Kad网的几个基础概念,节点距离,节点ID,K桶,邻居节点。需要说明的是,节点的距离不是传统意义的多少跳或者空间距离,而是一个根据节点ID进行异或(当然也可以用其它的算法)出来的一个距离。K桶其实就是就是网络节点的路由的数据结构。其中记录了nodid,distance,ip,endpoint等信息。以太坊的K桶按照与目标节点距离进行排序,共分为256个K桶,第个K桶中有16个节点。邻居节点就是与本节点可以相连通的结点。
Kademlia的算法
4、 工作流程
以太坊网络在第一次启动时会随机生成本机节点LocalId(即本节点的NODEID。
程序根据命令行或者相关配置信息连接种子节点或者相关节点数据信息,完成乒乓握手后,写入K桶。
主要过程:
首先,选择随机节点(首次是从种子节点,以最后面提到的,再次启动后从数据库leveldb中得到),写到内存的桶数据结构;
tab.seedRand()
其次,启动一个检查过期goroutine, 根据过期的实际情况来定期更新leveldb中的stale data(陈旧数据)。
// Start the background expiration goroutine after loading seeds so that the search for
// seed nodes also considers older nodes that would otherwise be removed by the
// expiration.
tab.db.ensureExpirer()
再次,用一个goroutine,loop,处理节点的更新验证等动作。下面写的步骤就在这个goroutine中;主要就是doRefresh:
go tab.loop()
然后,加载种子节点
tab.loadSeedNodes(false)
再后,在doRefresh中以self.ID查找。
go tab.doRefresh(refreshDone)
最后,循环3遍:利用随机生成的目标ID,继续查找
// bootstrap or discarded faulty peers).
func (tab *Table) doRefresh(done chan struct{}) {
defer close(done)
// Load nodes from the database and insert
// them. This should yield a few previously seen nodes that are
// (hopefully) still alive.
tab.loadSeedNodes(true)
// Run self lookup to discover new neighbor nodes.

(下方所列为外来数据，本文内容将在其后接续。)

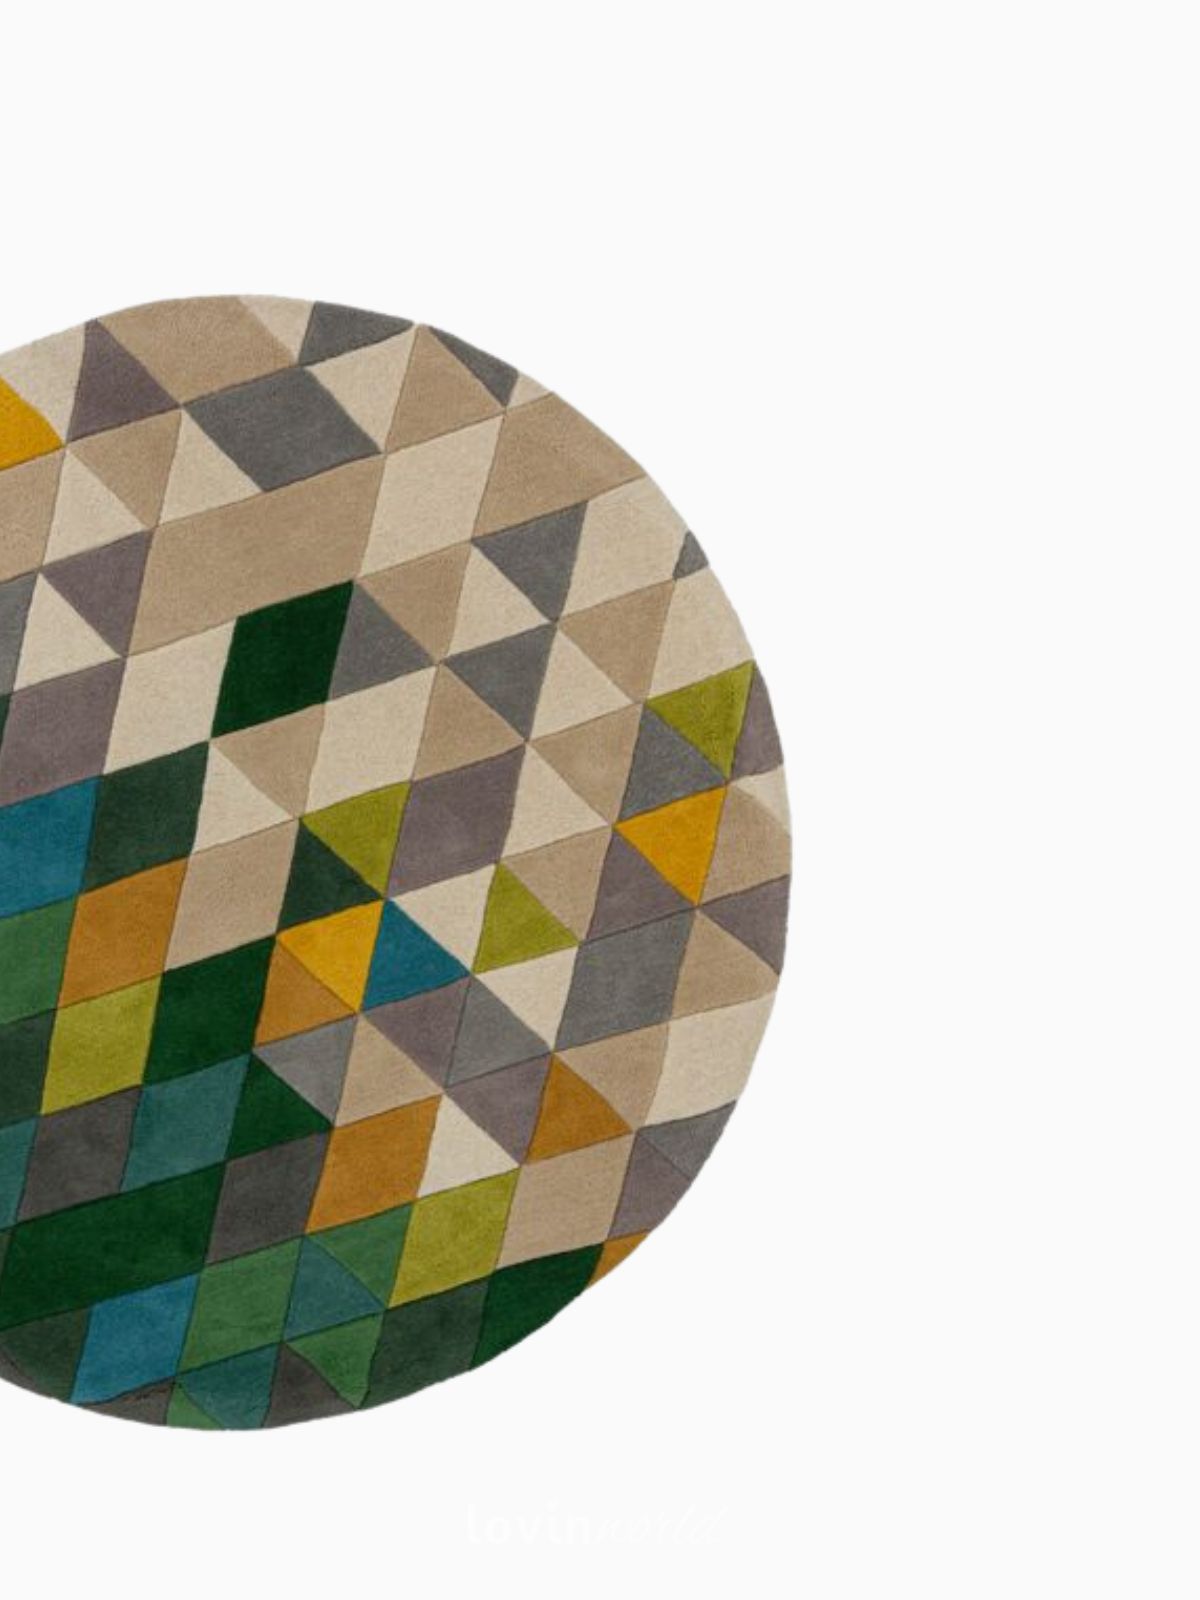 Tappeto rotondo di design Prism in lana, multicolore 160x160 cm.-4

tab.lookup(tab.self.ID, false)
// The Kademlia paper specifies that the bucket refresh should
// perform a lookup in the least recently used bucket. We cannot
// adhere to this because the findnode target is a 512bit value
// (not hash-sized) and it is not easily possible to generate a
// sha3 preimage that falls into a chosen bucket.

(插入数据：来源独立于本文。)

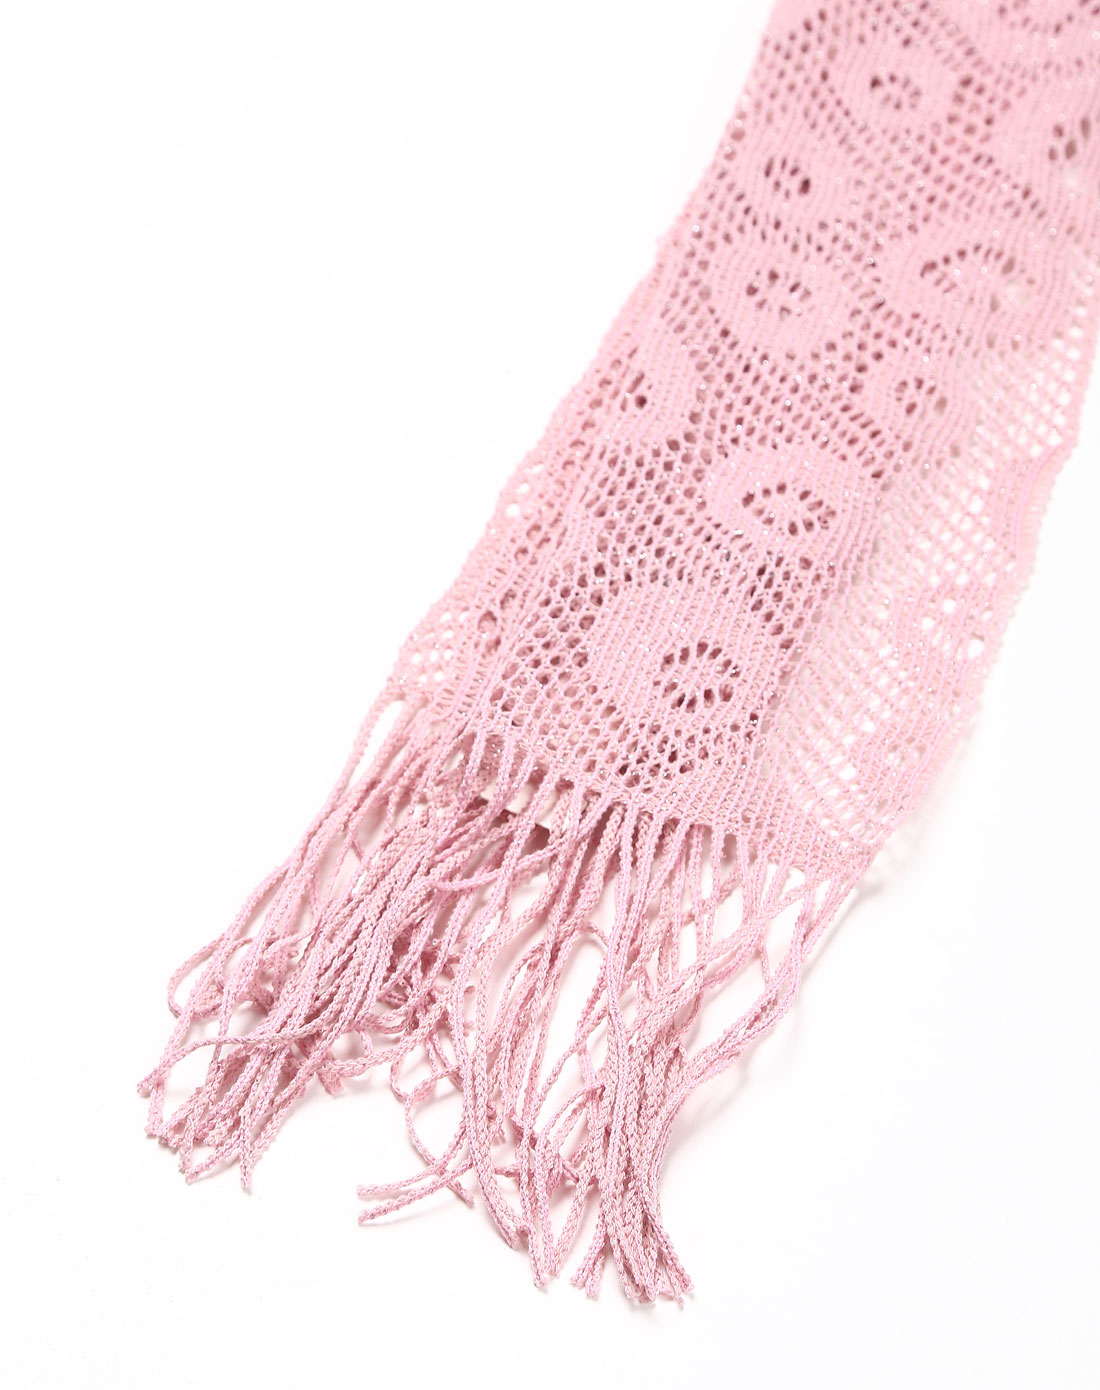 > 镂空风格粉红色编织围巾

// We perform a few lookups with a random target instead.
for i := 0; i < 3; i++ {
var target NodeID
crand.Read(target[:])
tab.lookup(target, false)
5、 发现节点主要是上面提到的那个函数
func (tab *Table) lookup(targetID NodeID, refreshIfEmpty bool) []*Node {
var (
target = crypto.Keccak256Hash(targetID[:])
asked = make(map[NodeID]bool)
seen = make(map[NodeID]bool)
reply = make(chan []*Node, alpha)
pendingQueries = 0
result *nodesByDistance
)
// don't query further if we hit ourself.
// unlikely to happen often in practice.
asked[tab.self.ID] = true
for {
tab.mutex.Lock()
// generate initial result set
result = tab.closest(target, bucketSize)
tab.mutex.Unlock()
if len(result.entries) > 0 || !refreshIfEmpty {
break
}
// The result set is empty, all nodes were dropped, refresh.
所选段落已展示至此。